Peptides were dissolved in 0.1% formic acid (FA) and analyzed on a Q-Exactive Plus mass spectrometer (Thermo Scientific) coupled to an Ultimate 3000 RSLCnano ultra HPLC system (Thermo Scientific). The samples were separated in a 120 min gradient (from 4% solvent B to 32% solvent B over 100 min; Solvent A 0.1% FA, 5% DMSO in water; solvent B 0.1% FA, 5% DMSO in acetonitrile. The loading buffer was 0.1% formic acid in water. The mass spectrometer was operated in a data-dependent acquisition (DDA) mode with an MS1 scan from 360 to 1300 m/z, acquired at 70,000 resolution. The MS1 scan was followed by 20 m/z dependent MS2 scans. The precursor ions were fragmented by higher energy collision dissociation (HCD) and acquired at a resolution of 17,500. The automatic gain control (AGC) targets for MS1 and MS2 were set at 3 × 10E6 ions and 1 × 10E5 ions, respectively. The maximum ion injection time for MS1 was set to 25 ms for MS1 and 50 ms for MS2 acquisition, with a dynamic exclusion of 35 s. The normalized collision energy was set at 28%. Peptide and protein identification. MaxQuant software v. was used for protein identification and label-free quantification (LFQ).
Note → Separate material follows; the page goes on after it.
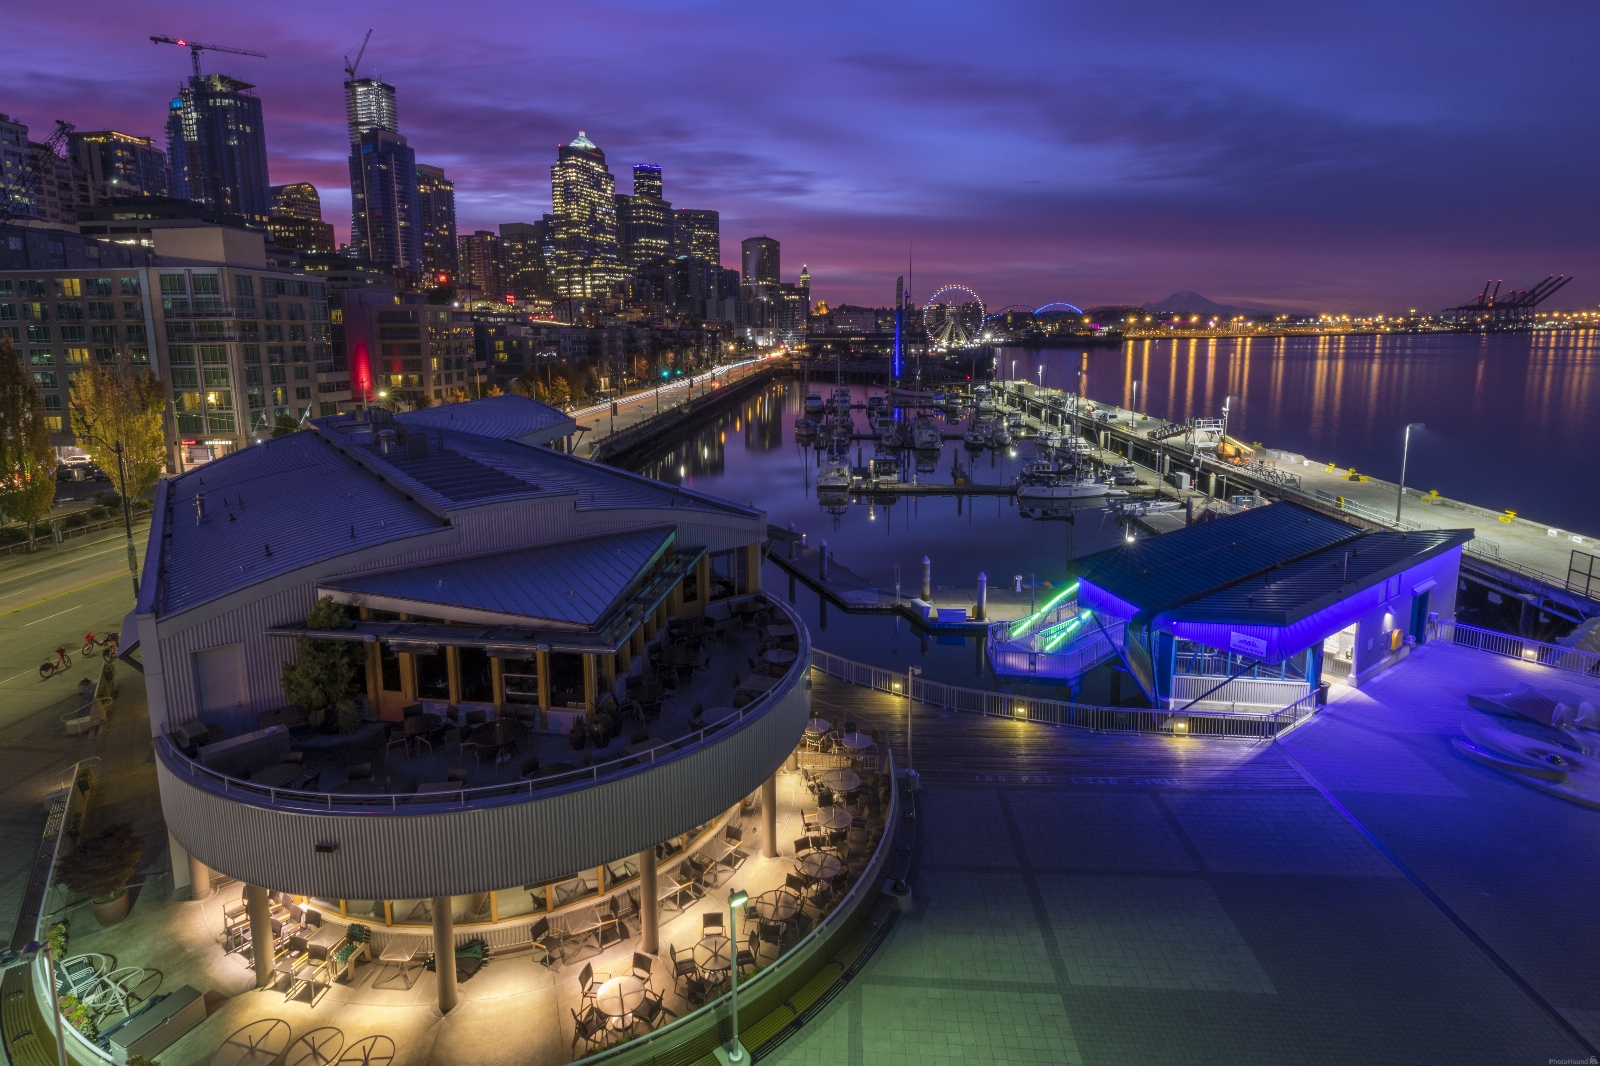 Image of Pier 66, Seattle Waterfront by Enrico Pozzo
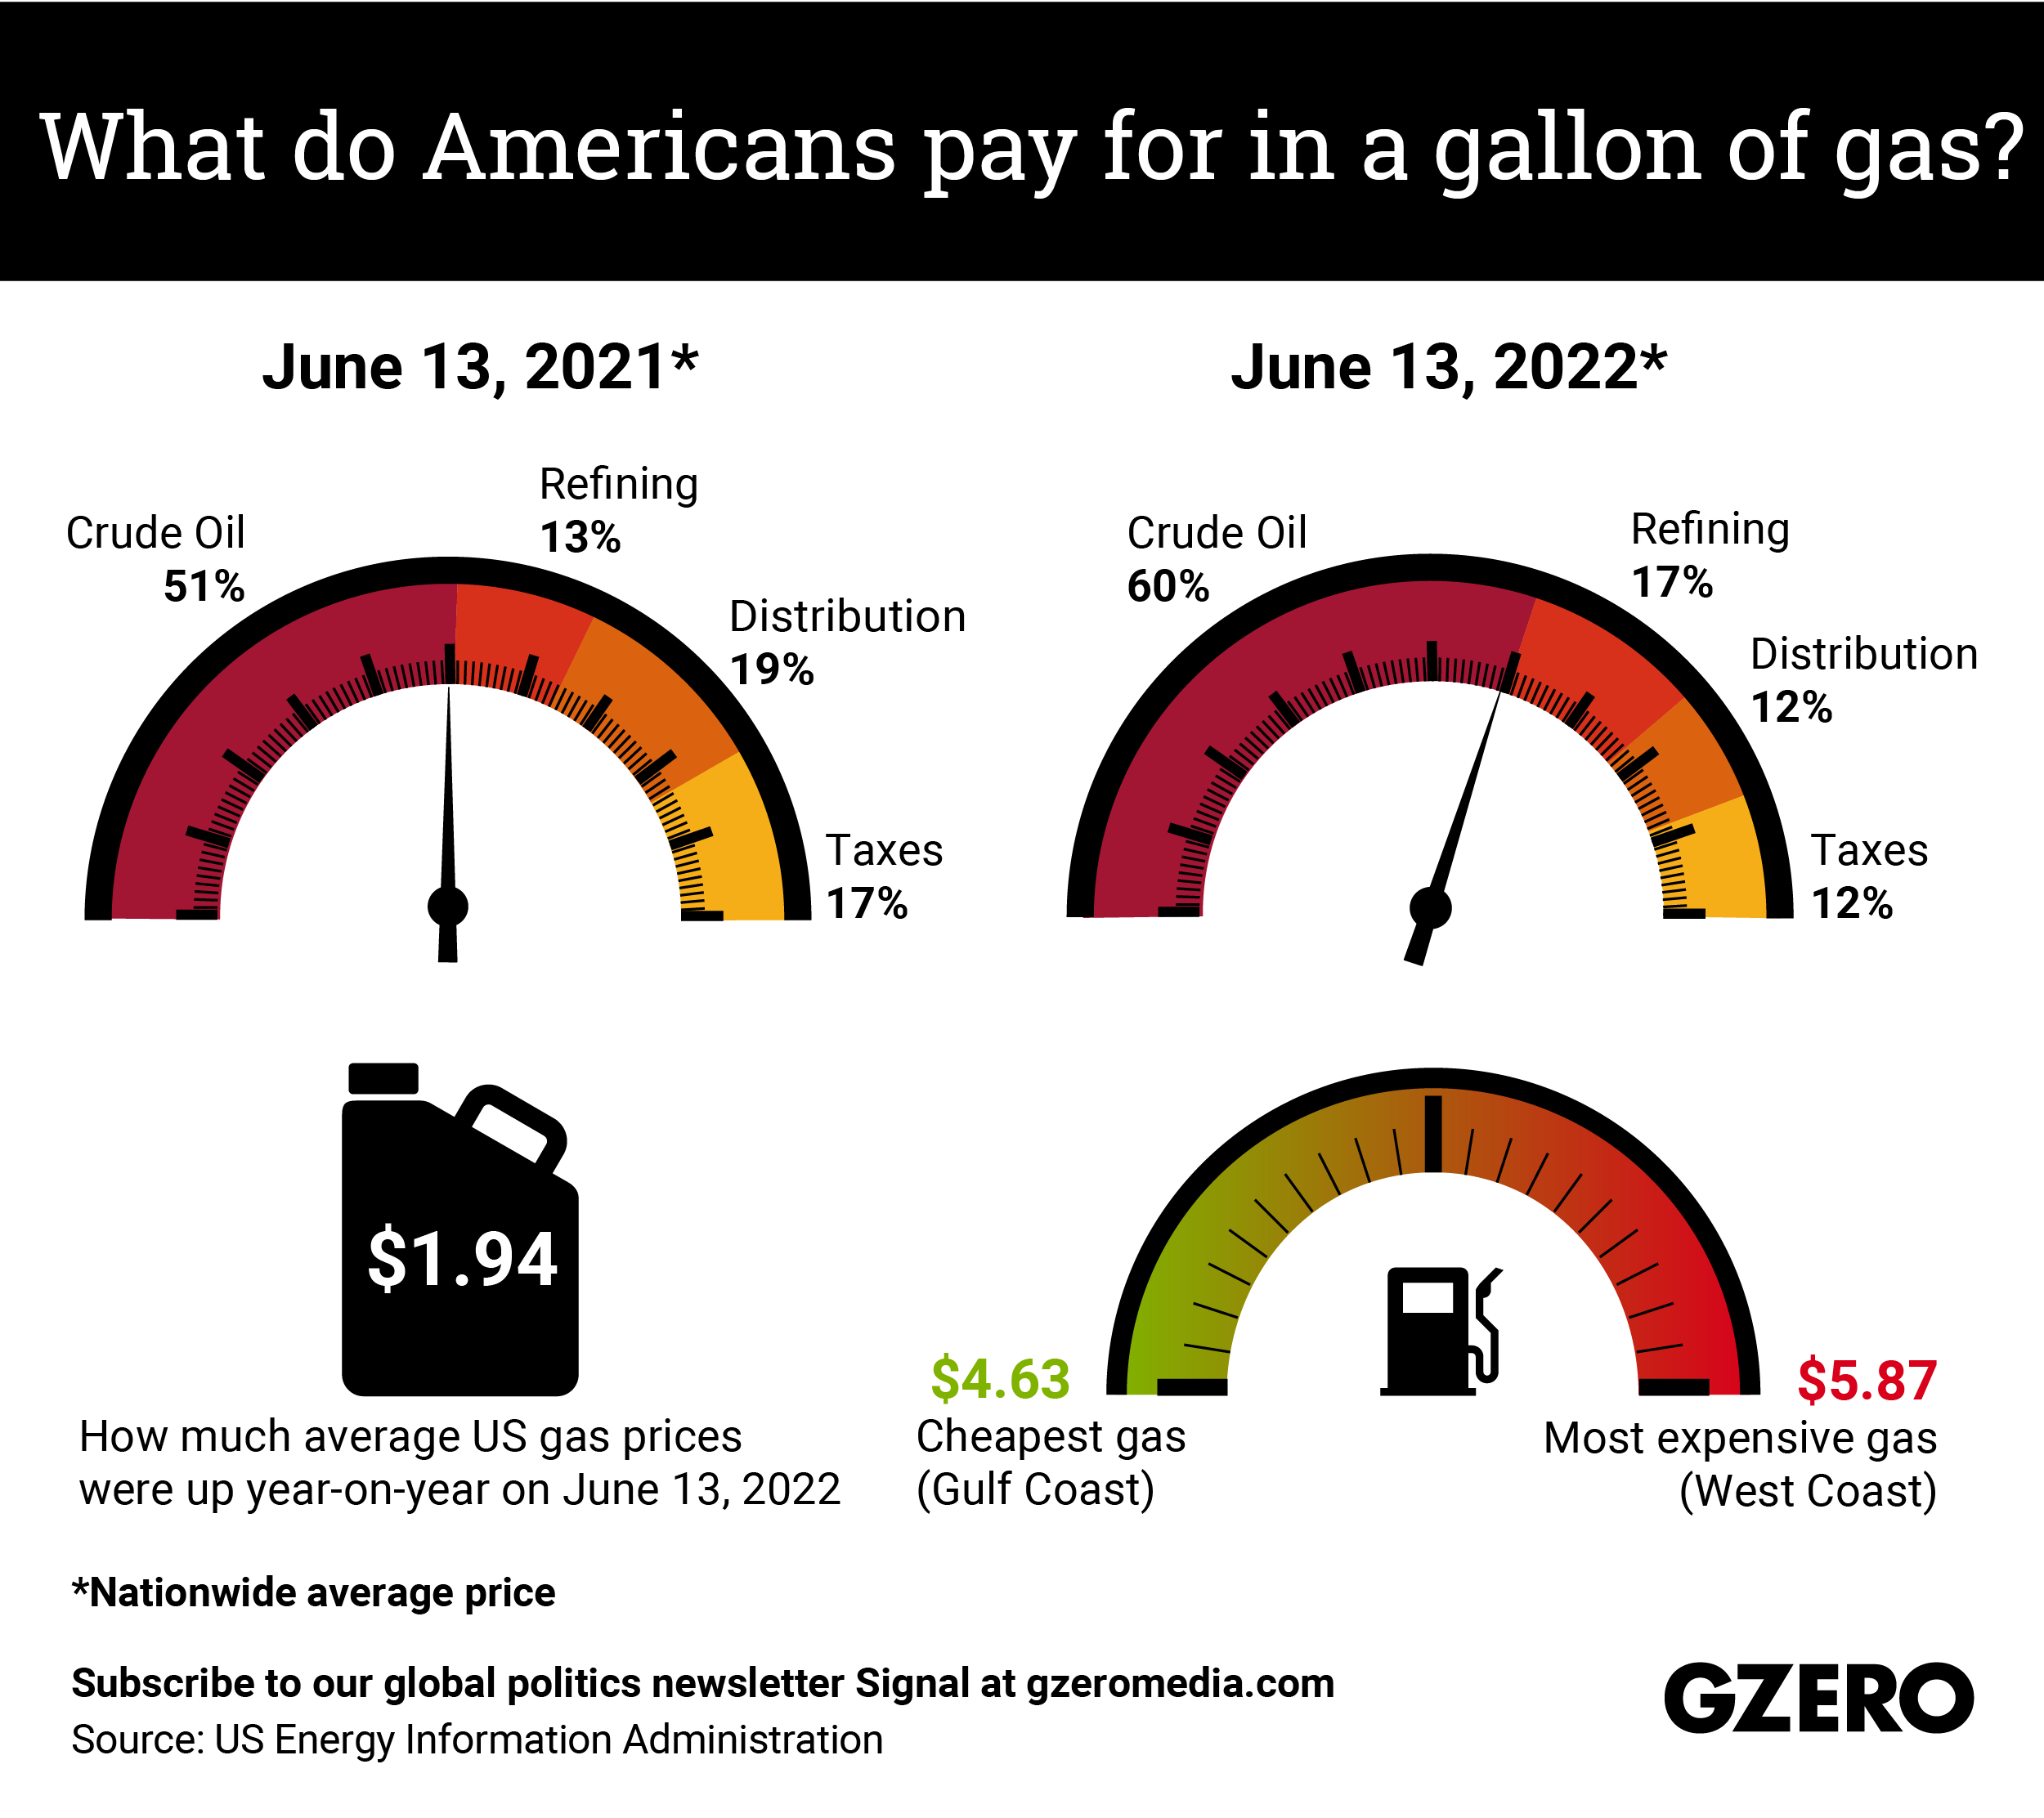 The Graphic Truth: What do Americans pay for in a gallon of gas?

The raw mass spectrometry data files were searched against the Human UniProt database using trypsin as the digestion enzyme with up to two missed cleavages allowed. Carbamidomethylated cysteine was set as a static modification. Oxidation of methionine, protein N-terminal acetylation, and GlyGly on lysine were set as variable modifications. The match-between-run option in MaxQuant was switched on. To control for false positives, a 1% false discovery rate was used on the PSM and the protein level.

Data analysis

For the ubiquitination profiling data, the distribution of ubiquitination sites/protein intensity ratios between each sample and the vehicle samples were computed. A constant scaling factor per sample was determined so that the median of this distribution becomes 1, assuming the intensities of most ubi-site proteins do not change. All intensities in the samples were multiplied with this scaling factor for normalization. Statistical testing was performed using the limma R package69 on normalized log2-transformed intensities. Missing values were imputed as long as no replicate of the same treatment had an intensity larger than the median intensity of the treatment. Proteome-corrected ubiquitination values were calculated using imputed intensities. Statistical significance was determined using pairwise t-test with Benjamini-Hochberg correction for multiple testing.

Reporting summary

Further information on research design is available in the Nature Research Reporting Summary linked to this article.